*Your objective:* Repeat only the lines below that run from the line with "Amazon.com : O'NEILL" to the line with "Shustoke Farm Barns", ends included; skip every picture.

══ Entries supplied

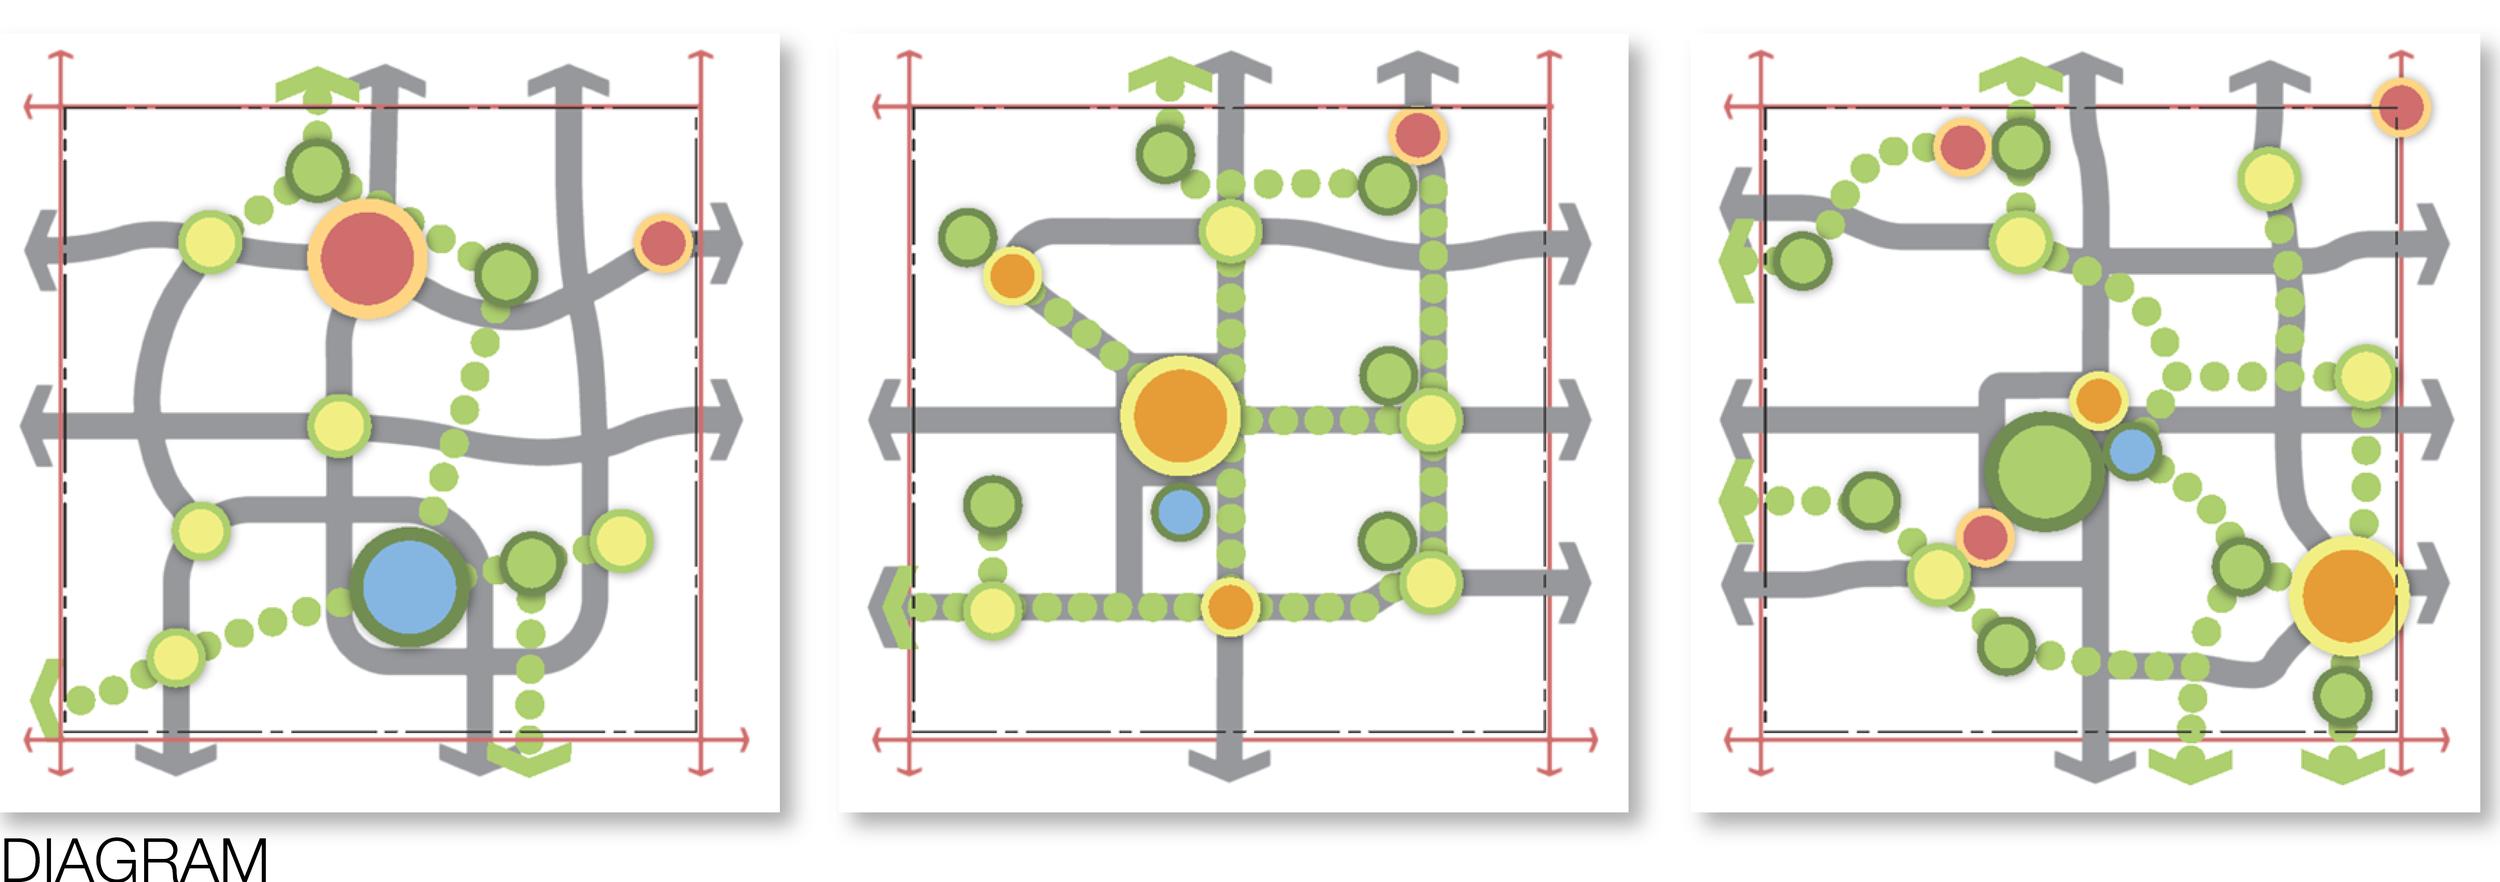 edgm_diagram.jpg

════
══ Entries supplied

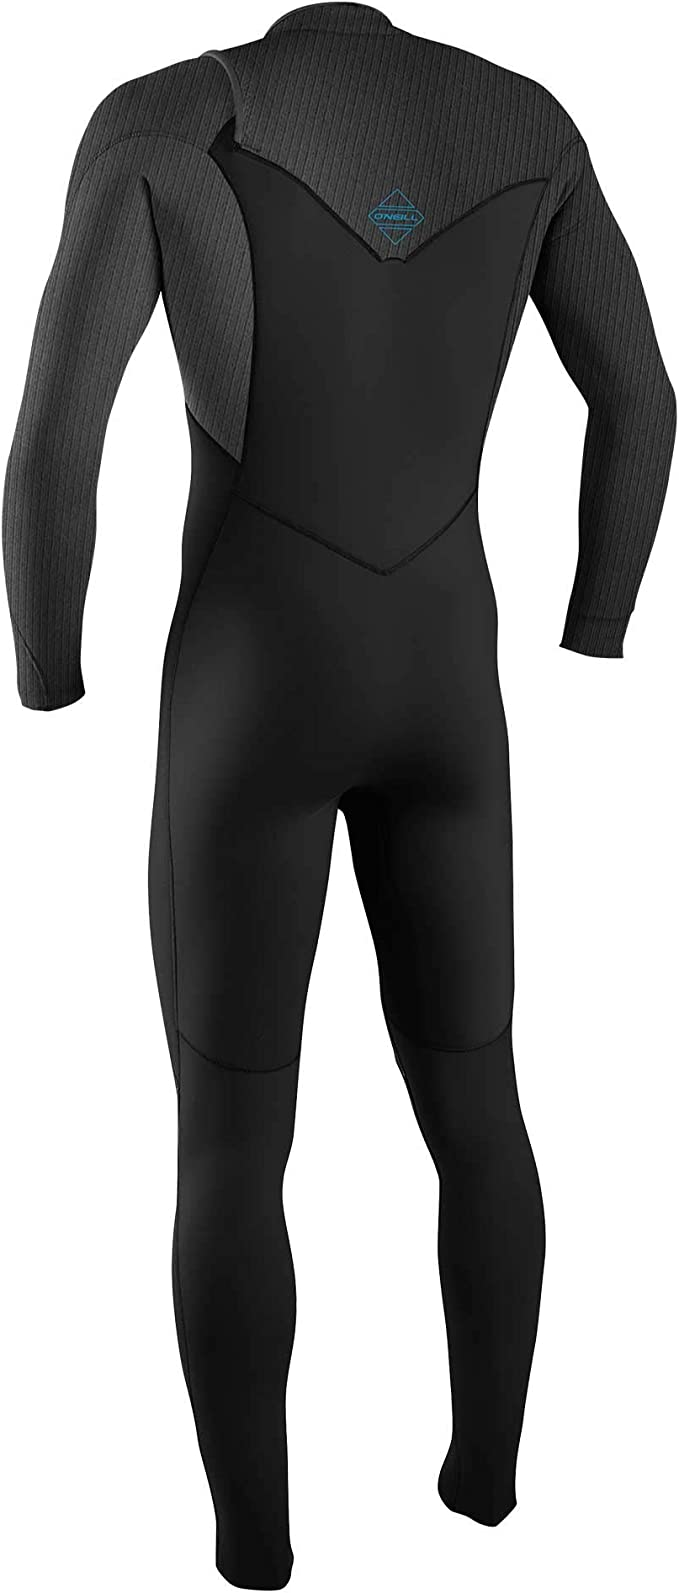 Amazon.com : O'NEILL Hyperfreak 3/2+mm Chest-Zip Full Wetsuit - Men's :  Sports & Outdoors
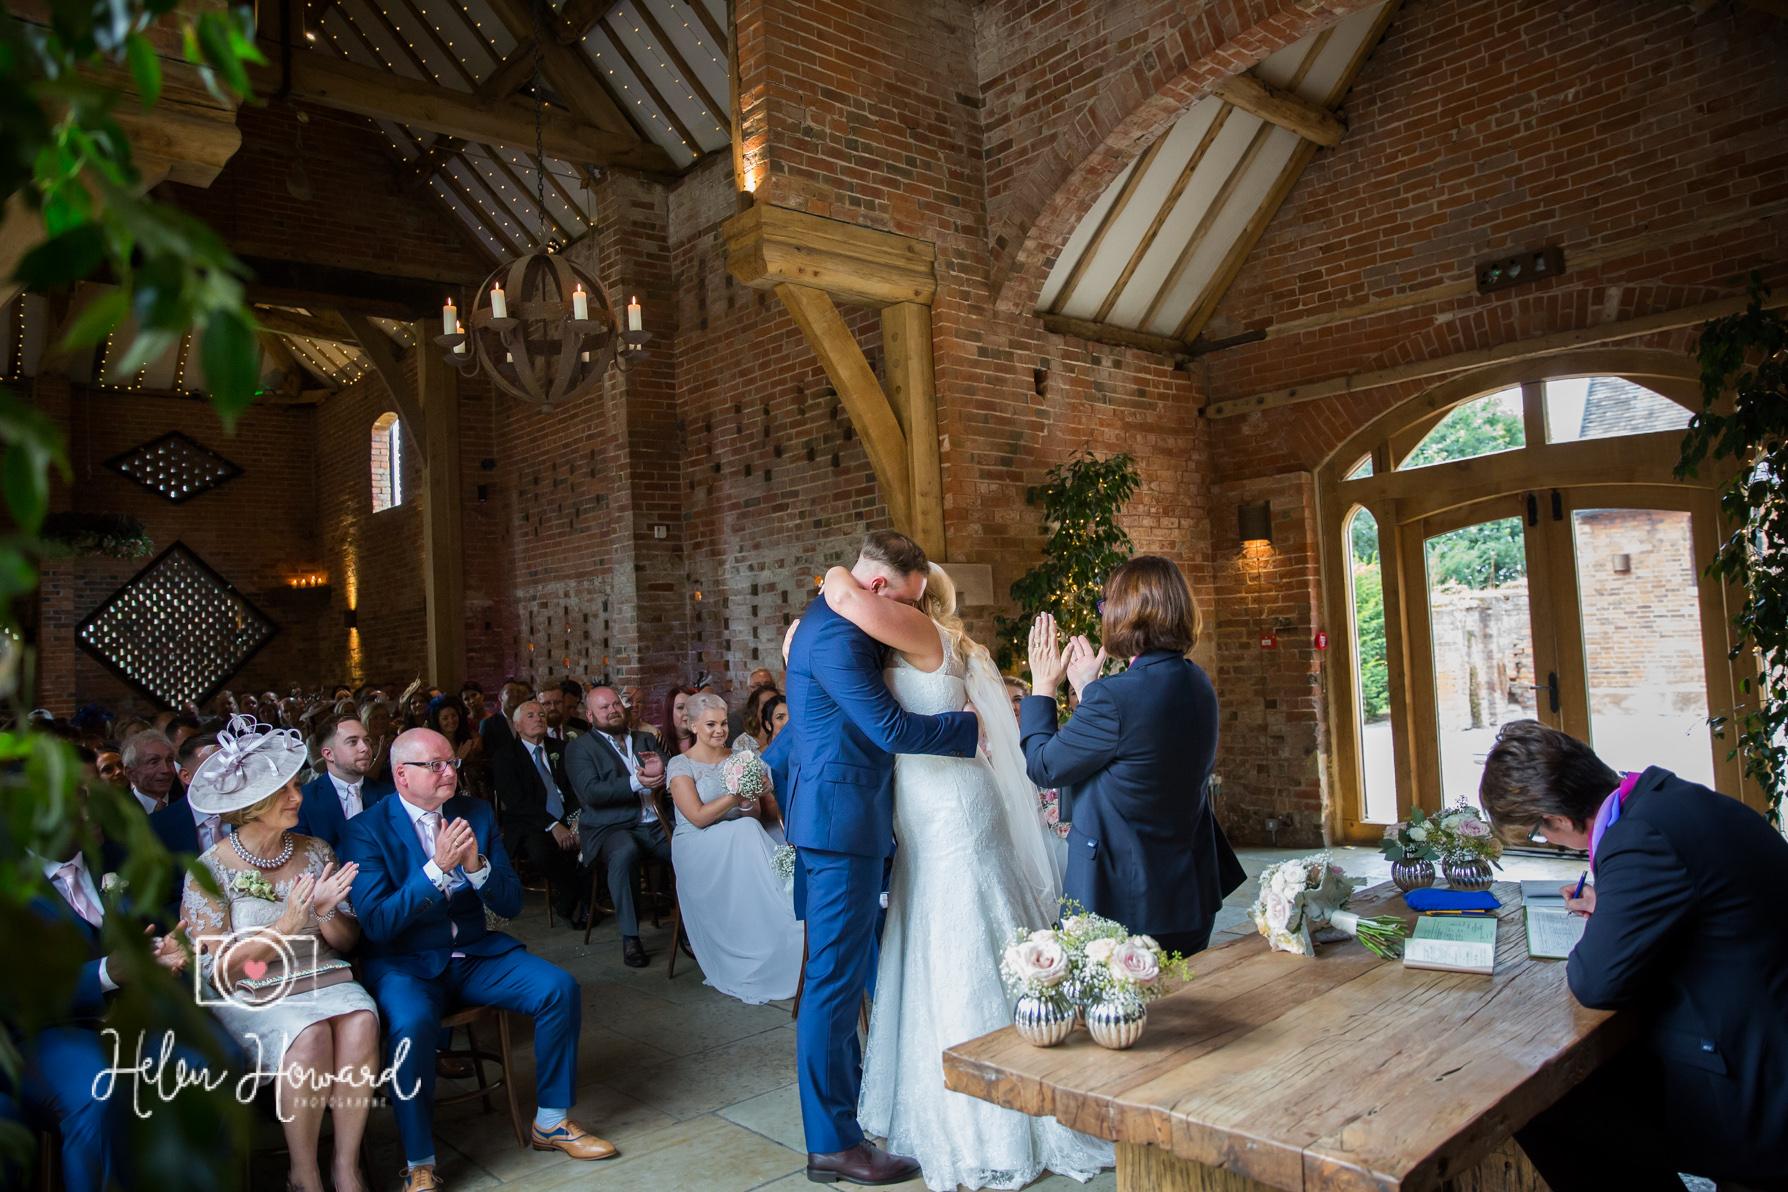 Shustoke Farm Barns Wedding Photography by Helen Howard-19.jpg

════

*Written response:*
 Amazon.com : O'NEILL Hyperfreak 3/2+mm Chest-Zip Full Wetsuit - Men's :  Sports & Outdoors
 Shustoke Farm Barns Wedding Photography by Helen Howard-19.jpg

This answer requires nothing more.